Pheromones are strong chemical cues that are sometimes thought to induce automatic behavioral responses, particularly in so-called ‘simple animals’ like fruit flies. Male flies fight with each other for the right to feed and mate on food patches, but when a female drops in, a male will court rather than act aggressively toward her. It was thought that a male determines the sex of an intruder to his food patch by sampling the strange fly's pheromones. Based on this, María de la Paz Fernández, Yick-Bun Chan and their colleagues predicted that a female fly expressing male pheromones would be quickly attacked by a resource-guarding male.
The authors tested their hypothesis by genetically engineering female flies to have a partial male pheromonal profile, though notably not including a male chemical called cVA that was recently described as an aggression-promoting pheromone. Fernández and Chan paired these masculinized females with wild-type males in small arenas with a dollop of food. The males displayed aggression toward these male-smelling females, which never happened toward wild-type females. However, males mated quite readily with the transformed females despite their smell. This made the authors curious whether females would be attacked or courted if they smelled feminine but behaved like males.
They engineered females by masculinizing their nervous systems but not their pheromones, paired them with wild-type males, and watched to see if the flies fought. They did, and they fought even more than males with females that smelled male. However, the males rarely initiated these fights. Rather, it was the females with masculinized brains who typically lunged aggressively toward the males, and because the males responded in kind, they rarely mated successfully.
Next, the authors wondered whether the combination of pheromones and behavior was enough to effectively change regular male–female interactions into complete male–male aggression, or vice versa. Fernández and Chan combined their earlier experiments by constructing females that had both masculinized nervous systems and the partially masculinized pheromones that they had used before. These females fought with wild-type males just as much as wild-type males did, but again, the fights were more commonly initiated by the females rather than the males, and a low level of successful mating persisted in these matchups.
Finally, Fernández and Chan repeated the experiments with male flies. Feminizing either a male's nervous system or the pheromones resulted in only very slightly decreased aggression between a wild-type and a transformed male.

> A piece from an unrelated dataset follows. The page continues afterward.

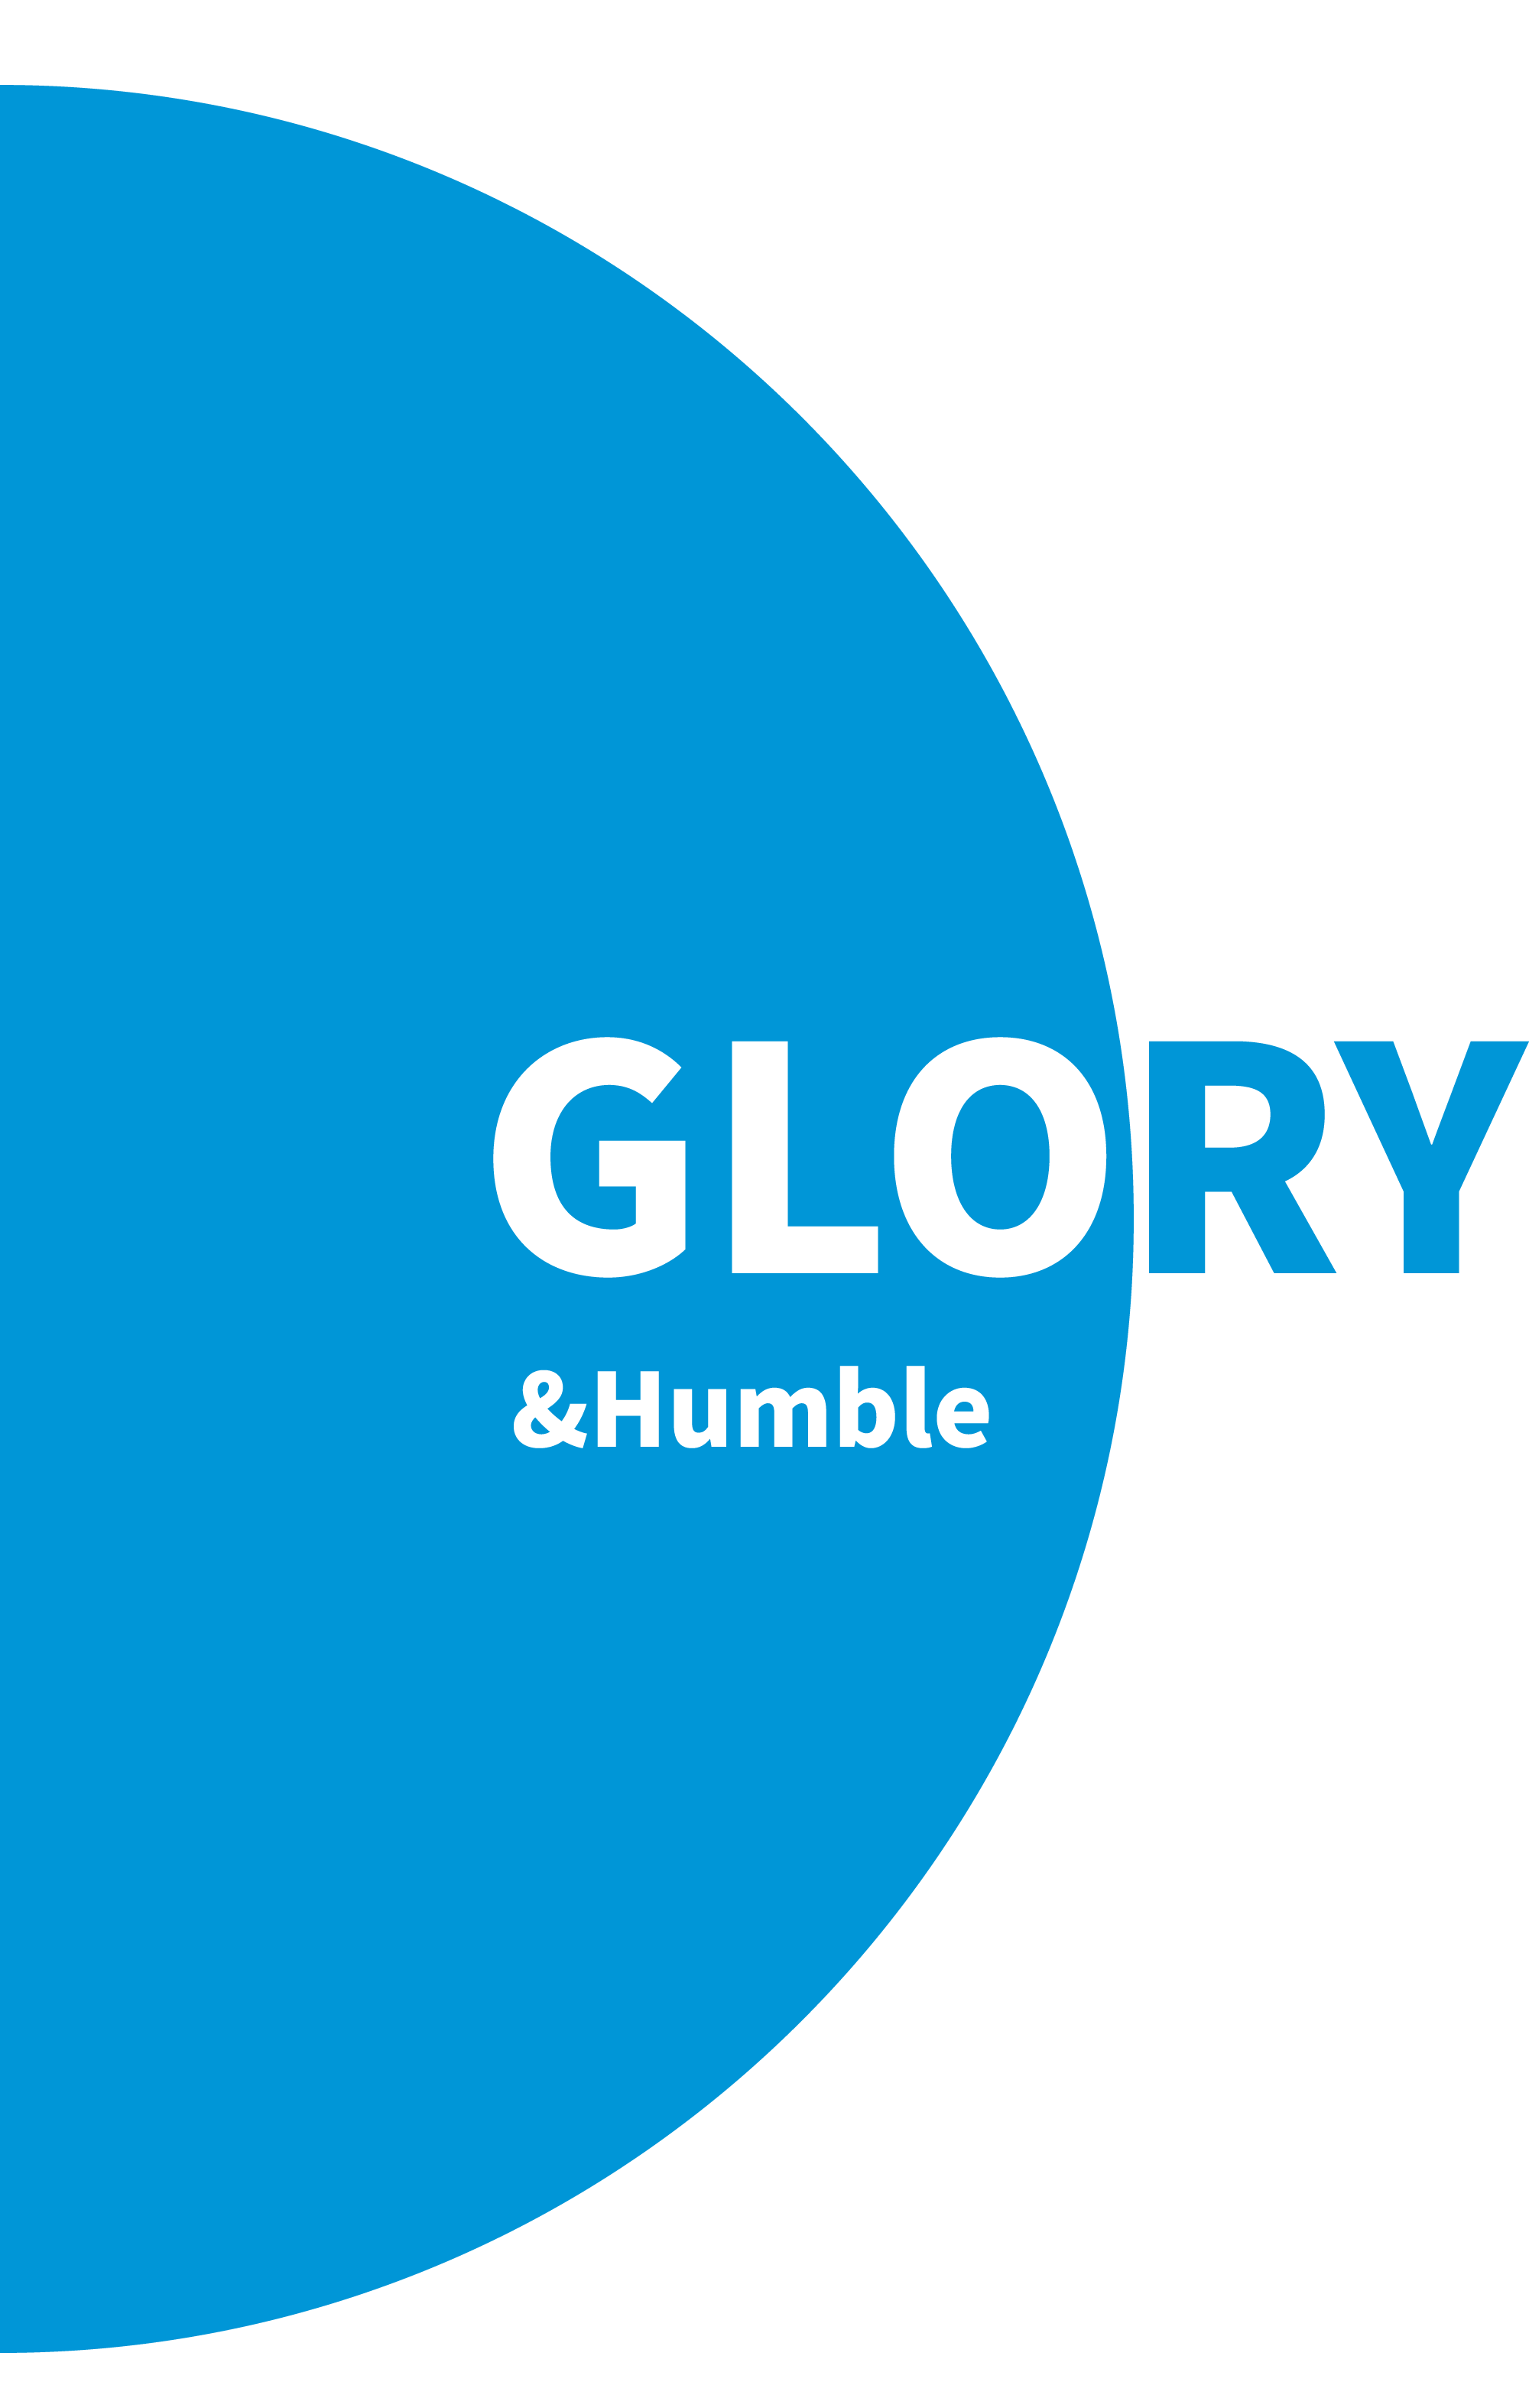 GLORY & Humble

However, altering both pheromones and behavior reduced aggression dramatically, though some fighting persisted. Wild-type males rarely attempted to mate with males who had feminized behaviors, but the combination of pheromones and behavior greatly enhanced mating attempts, approaching the levels of typical male–female interactions.
These results from Fernández, Chan and colleagues suggest that although most of the differences between normal male–female and male–male encounters can be reversed by endowing females with a particular set of male pheromones and male-like aggressive behavior, some parts of the story are still left out. It is possible that one of the missing pieces is the aggression-promoting chemical cVA, which is produced by a different mechanism from the one transformed in this study. However, one message is clear: flies pay attention to more than just pheromones when determining whether to fight or court a stranger.